Business Services Industry
Fitch Rates Sun Communities' $150MM Senior Unsecured Notes 'BBB-'
Business Wire, April 8, 2003
Business Editors
NEW YORK--(BUSINESS WIRE)--April 8, 2003
Fitch Ratings has assigned a 'BBB-' rating to the $150 million 5.75% seven-year senior unsecured notes issued today by Sun Communities Operating L.P., which is the operating partnership of Sun Communities, Inc. (NYSE: SUI). At the same time, Fitch has affirmed the 'BBB-' rating on the existing $285 million of senior unsecured notes due 2003 through 2008, and the 'BB ' rating of the approximately $50 million outstanding preferred stock. The Rating Outlook is Stable.
The ratings are supported by the relatively stable cash flow attributes of SUI's core portfolio of class A/B manufactured home communities, a high ratio of unencumbered assets, and the firm's ability to maintain 92% occupancy levels in a more difficult operating environment.
Nevertheless, these positive aspects are tempered by SUI's increased use of debt leverage over the last several fiscal years and reduced debt protection measures, as well as increased off-balance sheet exposure to its joint venture partners. The ratings also consider the weaker macro-industry conditions affecting all manufactured home community owners, including poor underwriting and oversupply, which has resulted in heightened problem assets, a reduction in financing available for home purchasers, increased supply from home repossessions, job losses, and lower unit absorption. The Rating Outlook is Stable to the extent that SUI is able to maintain sufficient cash flows from its core operations to maintain current debt protection levels.
The current ratings reflect the fact that SUI's debt leverage has materially increased since 2000 from 42% debt/adjusted book to 51% as of year-end 2002 while coverage levels have also deteriorated as EBITDA/Interest has fallen from 3.4 times (x) in 2000 to 2.9x as of year end 2002. In addition to rising consolidated leverage, Fitch has also identified additional off-balance sheet risk associated with SUI's investment (27% ownership) in Origen Financial L.L.C., which originates and securitizes consumer loans for manufactured home buyers.
SUI projects that it will generate approximately $70 million of internally generated cash flow in 2003, which when added to the offering proceeds, is adequate to meet the company's 2003 debt maturities and recurring capital expenditures.

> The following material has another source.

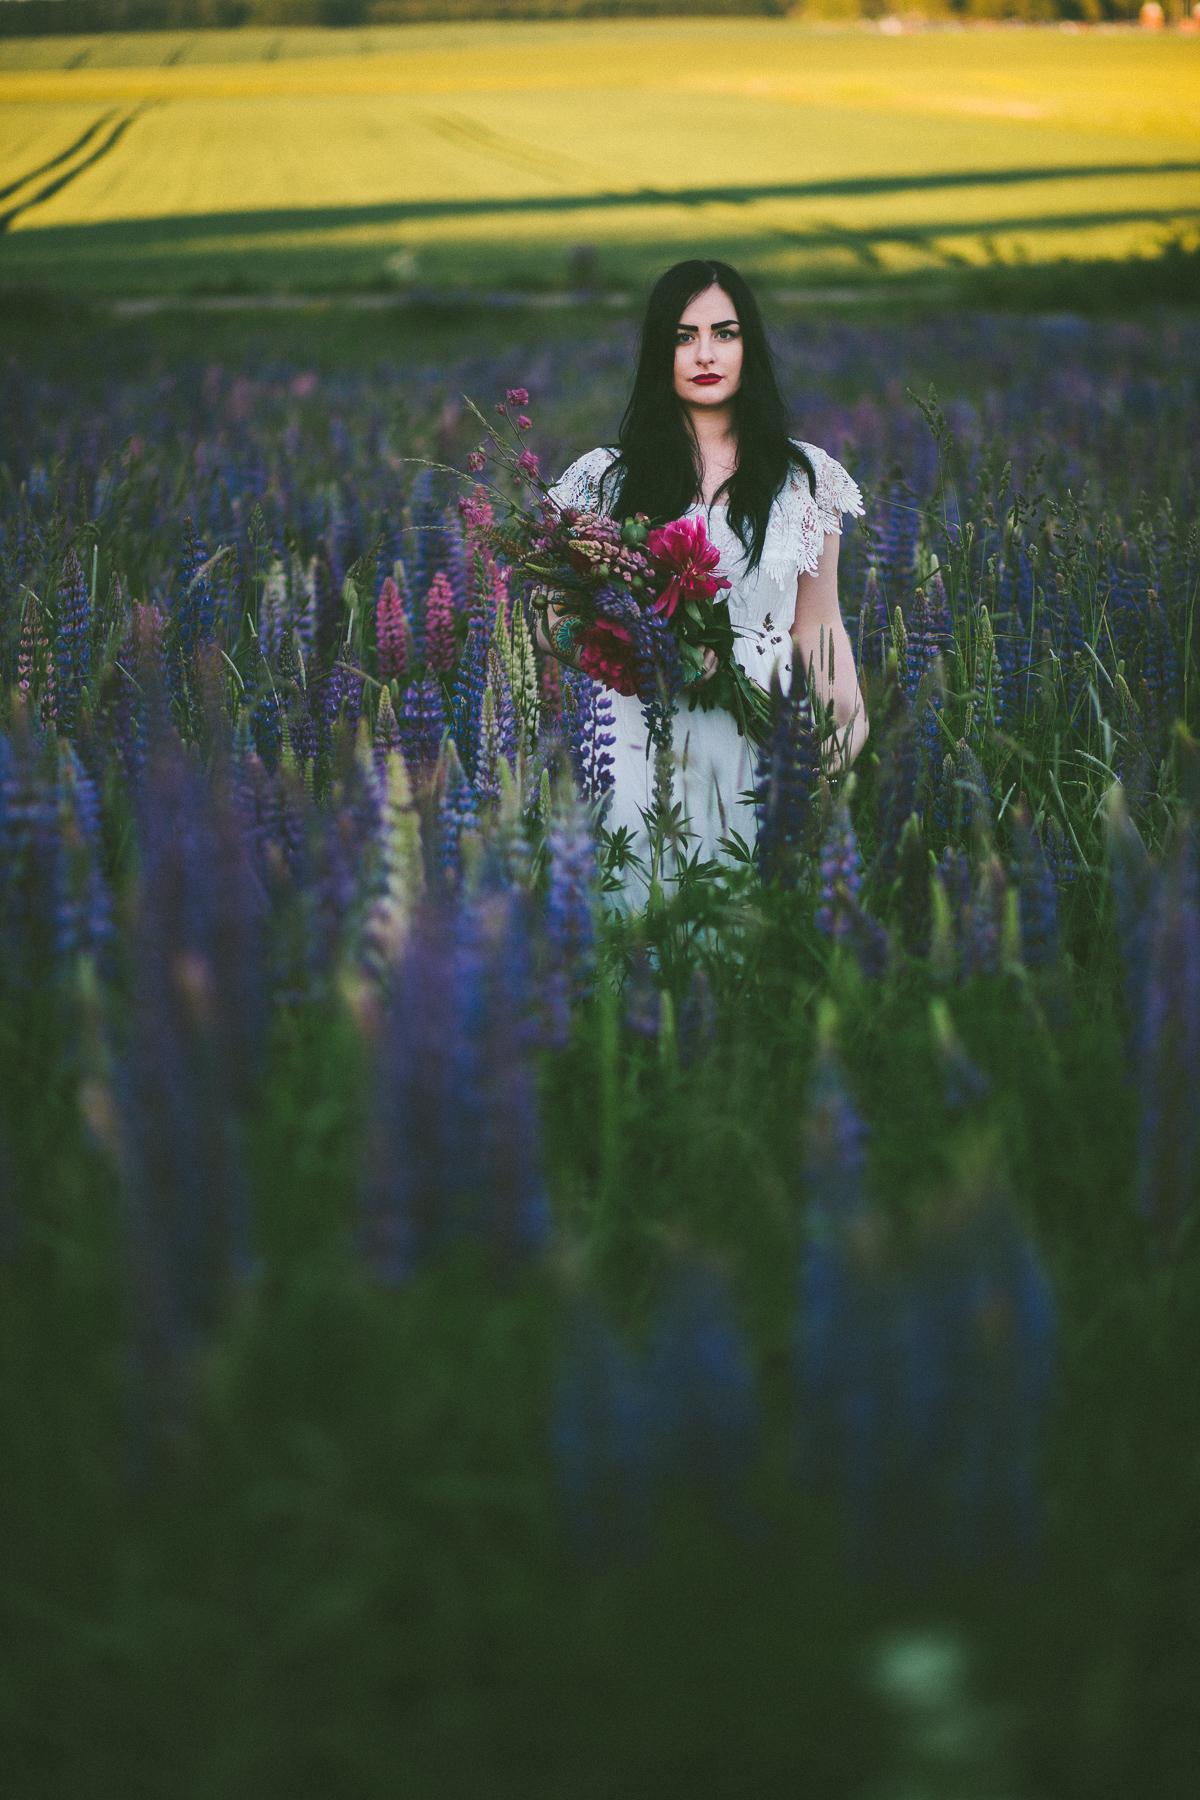 Sara-Bohemian-Moody-Alternative-Wedding-Photography-Inspiration-86

Debt maturities for 2003 total $142 million (out of total debt of $667 million before the offering), including an $85 million unsecured note due in May 2003 and a $48 million bridge note. The $85 million unsecured line of credit, which matures December 2006, had only $22 million available and was more than 74% utilized as of Dec. 31, 2002. The current offering is evidence of SUI's continued access to multiple forms of capital and appears to provide the company with sufficient liquidity in 2003. SUI's maturities over the next four calendar years are $34 million in 2004, $66 million in 2005, and $75 million in 2006 (including the $63 million line balance) and $42 million in 2007.

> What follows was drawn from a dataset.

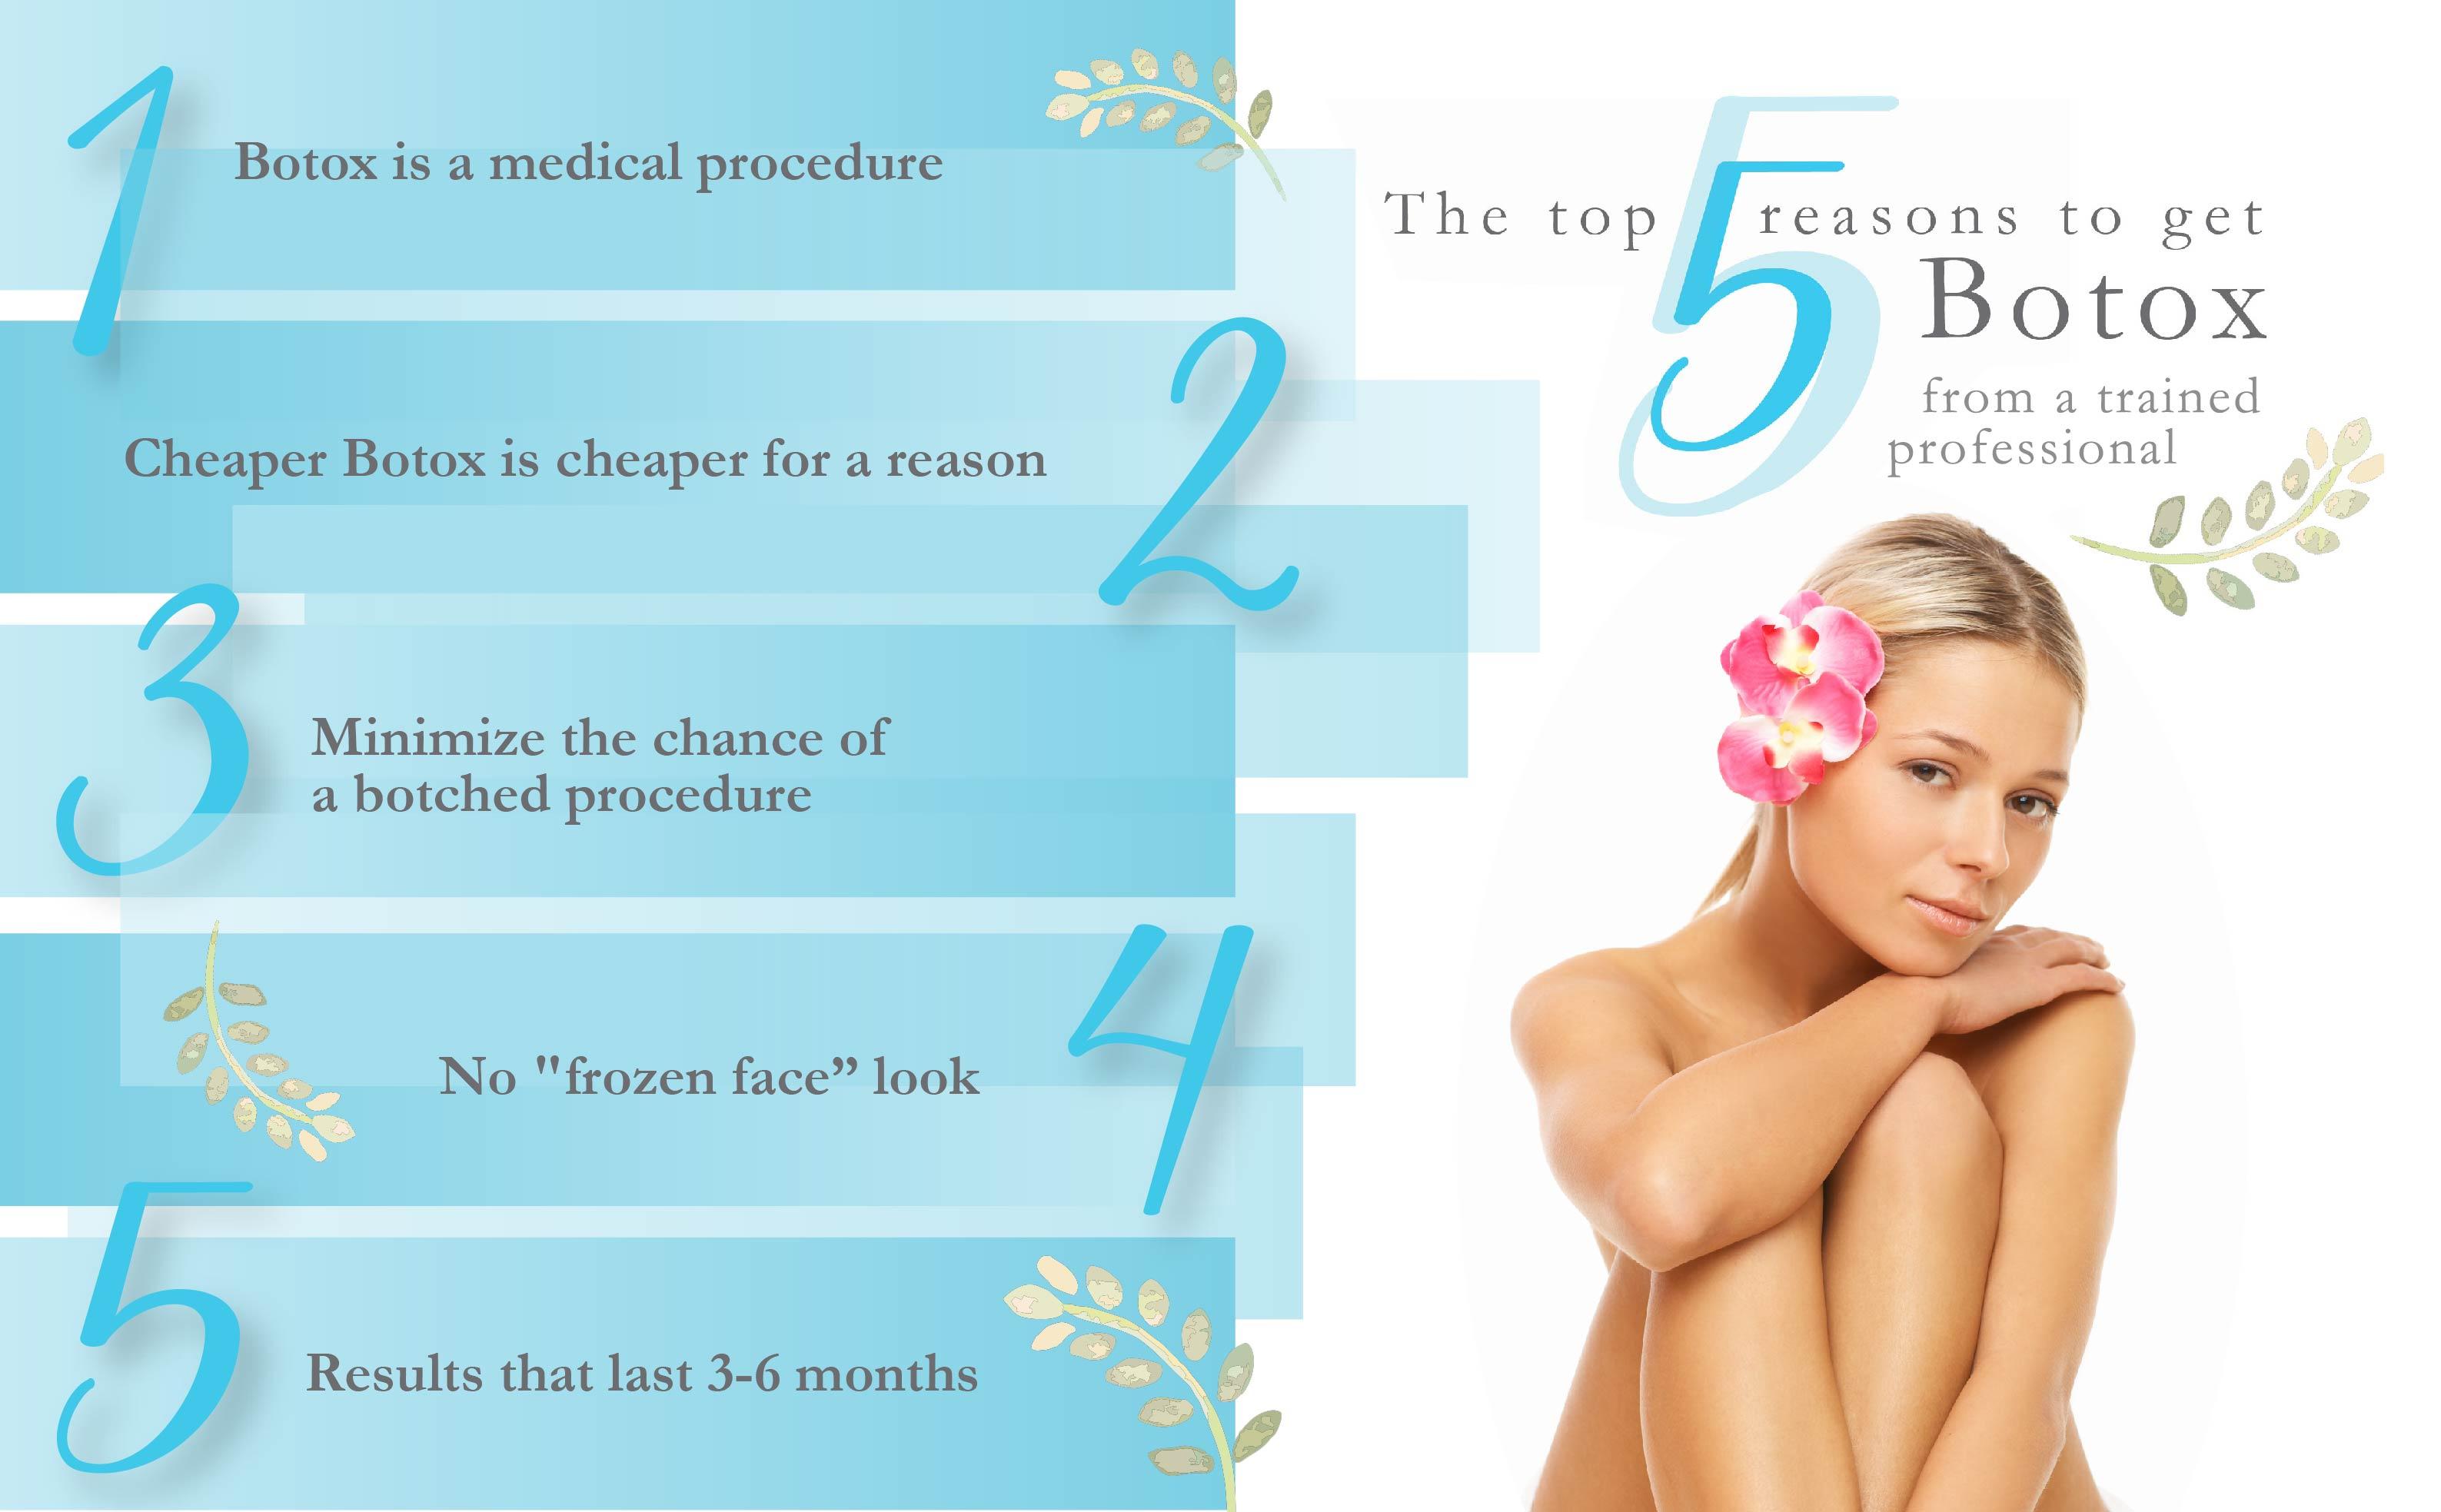 Top reasons to get Botox

With a total adjusted book capitalization of approximately $1.3 billion, SUI owns and operates a portfolio of 129 manufactured housing communities comprising approximately 43,960 developed sites, and an additional land bank of 7,640 sites for future development. The core property portfolio is concentrated in the mid-west and the southeast, including Michigan (30% of total sites), Florida (22%), and Indiana (15%).
The noted ratings were initiated by Fitch as service to users of Fitch Ratings and are based primarily on public information.